Quote:
Originally Posted by domer2
How is that self explanatory? That is just random speculation.
Not only would he have to be wearing gloves that could easily be penetrated, they would need to be actually penetrated, and he would need to be completely unaware of it bleeding to notice that he was dripping all over the place.
The planting of the blood is the most logical explanation given the lack of fingerprints and the vial of blood that was penetrated.
We could use a real life Dexter to study the blood pattern. I would highly doubt the patterns found are consistent with how an actual human would bleed.
I am talking about people presenting it is something that cant happen, I wasnt saying thats obviously what went down, or saying I believe that is what went down, just there is a very easy explanation from the prosecutors side. By self explanatory I meant that it seems obvious how you can get blood and no finger prints. Obviously It could still be planted, I just saw in the doc, and on reddit, people throwing that out as the silver bullet.
According to people on reddit who have read more of the case and its decision:
- The blood did match that of a drip(the same guy who talked about the hair blood confirmed this apparently).
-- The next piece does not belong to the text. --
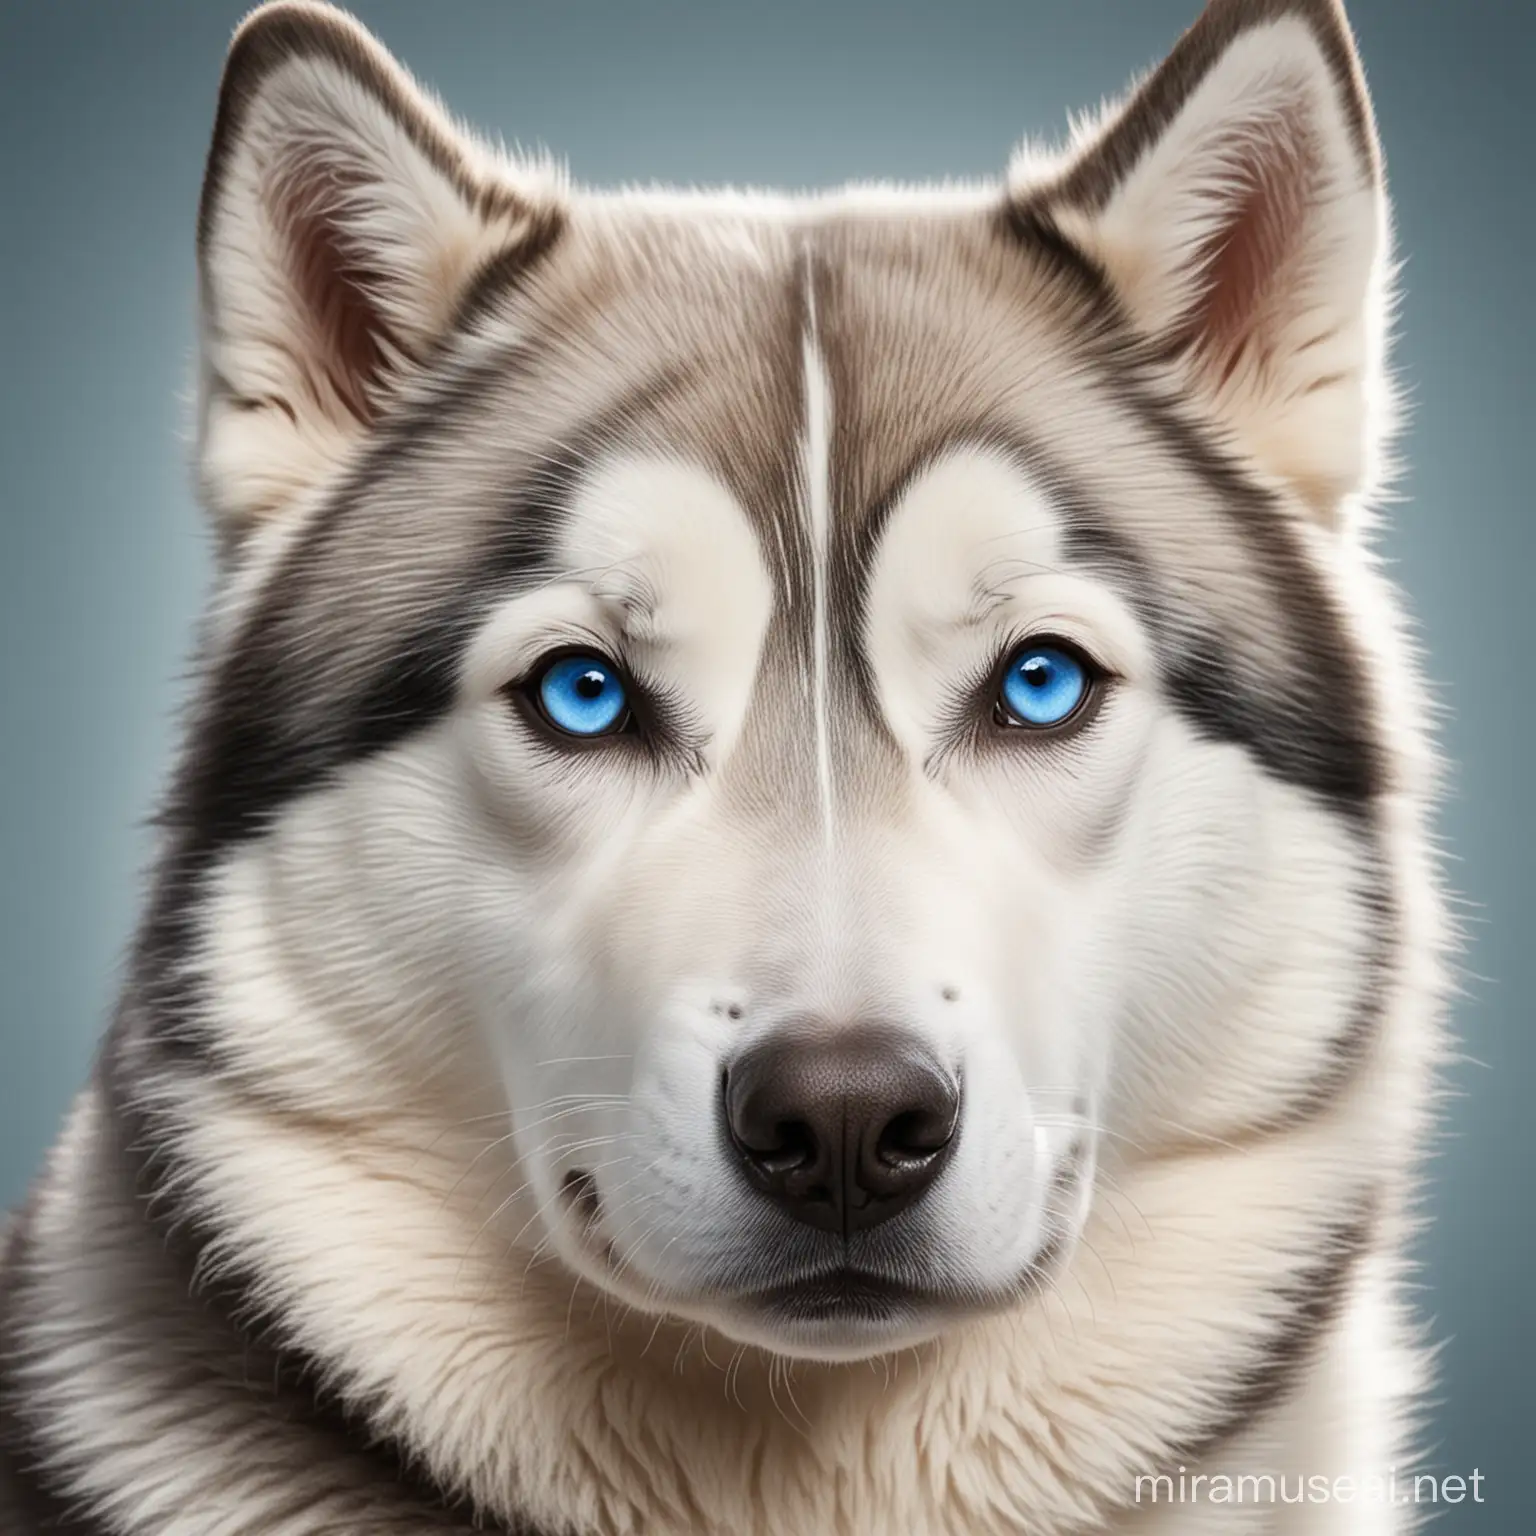 gray husky head with blue eyes illustration

A quote from a guy on reddit(about the needle hole in the vial):
"I am not the OP. But I am a prosecutor. And formerly, while I was in college, worked in a lab as a phlebotomist and lab tech. I have collected hundreds, if not thousands, of blood samples in the exact vacutainer collection tubes that the Avery sample was collected in. I worked in the early to mid-late 90's, when the rubber top vacutainers were used (there are more modern ones, with a plastic/latex top cop combo that are different). I already made a post on this in this reddit. But the short version is that those rubber top vacutainers always have a hole in the top from the collection. The only way to collect blood with those is to put the needle in the patient's vein, then puncture the top of the vial through the rubber top with the other end of the needle so the blood goes directly from the patient's vein into the vial. Every rubber top vacutainer like the one shown will have the same exact puncture hole from the initial collection of the blood. The fact that any nurse, phlebotomist, or medical professional who collects blood knows that this is common knowledge made me suspect the motivations of this documentary."
Last edited by CCuster_911; 12-24-2015 at 06:04 PM.